Каждый ее сын почувствовал себя сейчас одиноко и страшно, как будто где-то в темном поле горела лампа на подоконнике старого дома, и она освещала ночь, летающих жуков, синюю траву, рой мошек в воздухе, — весь детский мир, окружающий старый дом, оставленный теми, кто в нем родился; в том доме никогда не были затворены двери, чтобы в него могли вернуться те, кто из него вышел, но никто не возвратился назад. И теперь точно сразу погас свет в ночном окне, а действительность превратилась в воспоминание.

Умирая, старуха наказала мужу-старику, чтобы священник отслужил по ней панихиду, когда она будет лежать дома, а уж выносить и опускать в могилу можно без попа, чтобы не обидеть сыновей и чтоб они могли идти за ее гробом. Старуха не столько верила в бога, сколько хотела, чтобы муж, которого она всю жизнь любила, сильнее тосковал и печалился по ней под звуки пения молитв, при свете восковых свечей над ее посмертным лицом; она не хотела расстаться с жизнью без торжества и без памяти. Старик после приезда детей долго искал какого-либо попа, наконец, привел под вечер одного человека — тоже старичка, одетого обыкновенно, по-штатскому, розового от растительной постной пищи, с оживленными глазами, в которых блестели какие-то мелкие целевые мысли. Поп пришел с военной командирской сумкой на бедре; в ней он принес свои духовные принадлежности: ладан, тонкие свечи, книгу, епитрахиль и маленькое кадило на цепочке. Он быстро уставил и возжег свечи вокруг гроба, раздул ладан в кадиле и с ходу, без предупреждения, забормотал чтение по книге. Находившиеся в комнате сыновья поднялись на ноги; им стало неудобно и стыдно чего-то. Они неподвижно, в затылок друг другу, стояли перед гробом, опустив глаза. Перед ними поспешно, почти иронически, пел и бормотал пожилой человек, поглядывая небольшими, понимающими глазами на гвардию потомков покойной старухи. Он их отчасти побаивался, отчасти же уважал и, видимо, не прочь был вступить с ними в беседу и даже высказать энтузиазм перед строительством социализма. Но сыновья молчали, никто, даже муж старухи, не крестился, — это был караул у гроба, а не присутствие на богослужении.

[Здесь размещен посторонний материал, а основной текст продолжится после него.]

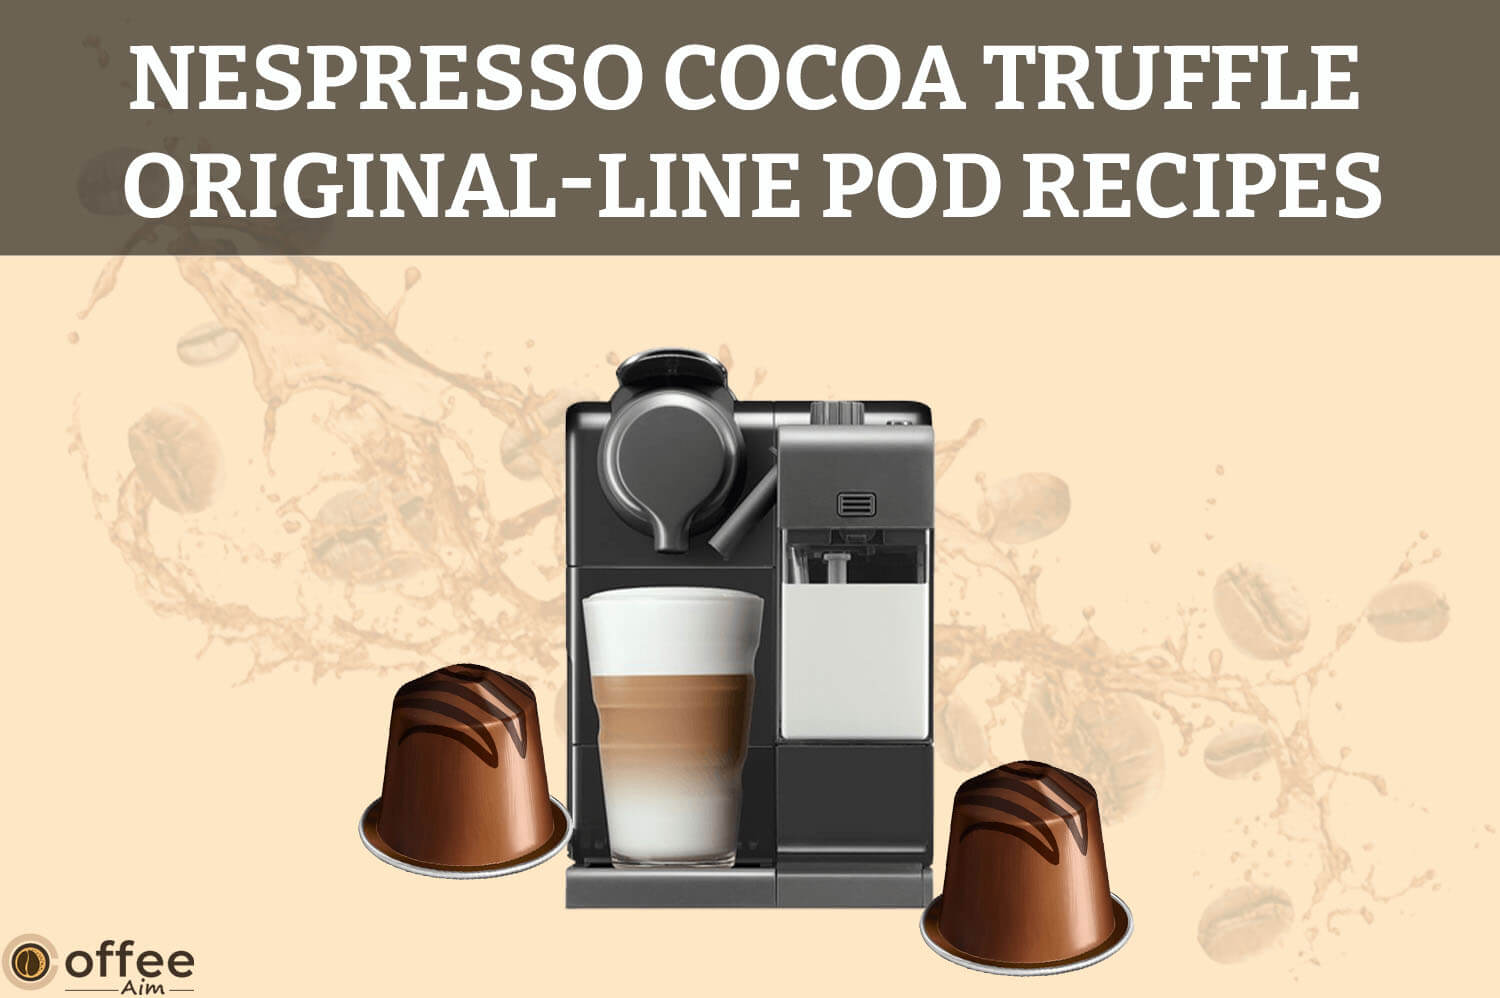 Featured image for the article "Nespresso Cocoa Truffle Original-Line Pod Recipes"
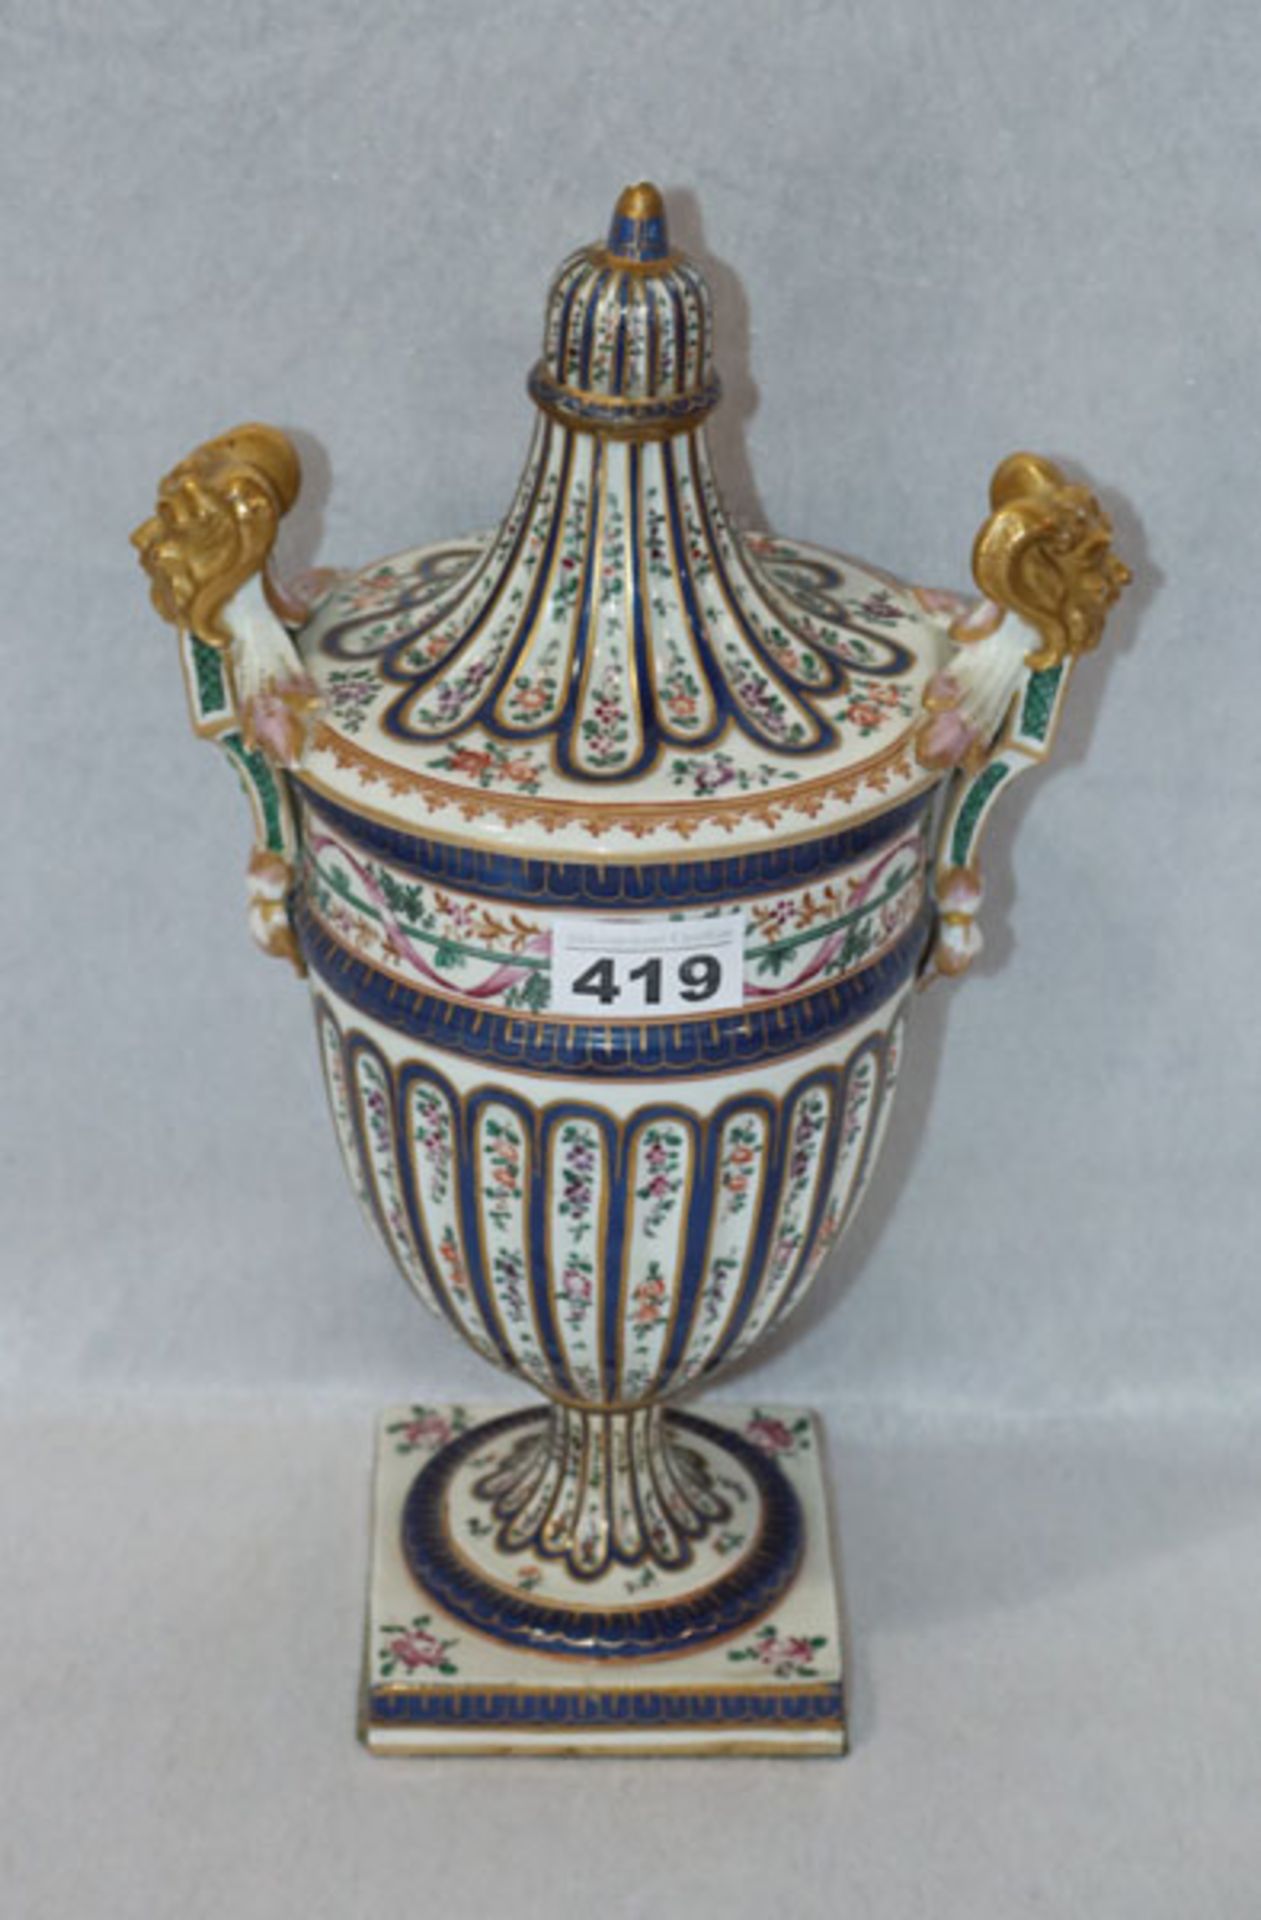 Chinsesische Porzellan Deckelvase mit seitlichen Handhaben, Blumen- und Golddekor, H 34,5 cm, B 21

Окончив скорую панихиду, поп быстро собрал свои вещи, потом загасил свечи, горевшие у гроба, и сложил все свое добро обратно в командирскую сумку. Отец сыновей дал ему в руку денег, и поп, не задерживаясь, пробрался сквозь строй шестерых мужчин, не взглянувших на него, и боязливо скрылся за дверью. В сущности же, он с удовольствием бы остался в этом доме на поминки, поговорил бы о перспективах войн и революций и надолго получил бы утешение от свидания с представителями нового мира, которым он втайне восхищался, но проникнуть в него не мог; он мечтал в одиночестве совершить когда-нибудь враз героический подвиг, чтобы прорваться в блестящее будущее, в круг новых поколений, — для этого он даже подал прошение местному аэродрому, чтобы его подняли на самую высокую высоту и оттуда сбросили вниз на парашюте без кислородной маски, — но ему не дали оттуда ответа.

Вечером отец постелил шесть постелей во второй комнате, а девочку-внучку положил на кровати рядом с собой, где сорок лет спала покойная старуха. Кровать стояла в той же большой комнате, где находился гроб, а сыновья перешли в другую. Отец постоял в дверях, пока его дети не разделись и не улеглись, а потом притворил дверь и ушел спать рядом с внучкой, всюду потушив свет. Внучка уже спала, одна на широкой кровати, укрывшись в одеяло с головой.

Старик постоял над ней в ночном сумраке; выпавший снег на улице собирал скудный рассеянный свет неба и освещал тьму в комнате через окна. Старик подошел к открытому гробу, поцеловал руки, лоб и губы жены и сказал ей: «Отдыхай теперь». Он осторожно лег рядом с внучкой и закрыл глаза, чтобы сердце его все забыло. Он задремал и вдруг снова проснулся. Из-под двери комнаты, где спали сыновья, проникал свет — там опять зажгли электричество, и оттуда раздавался смех и шумный разговор.

Девочка от шума начала ворочаться, может быть, она тоже не спала, только боялась высунуть голову из-под одеяла — от страха перед ночью и мертвой старухой.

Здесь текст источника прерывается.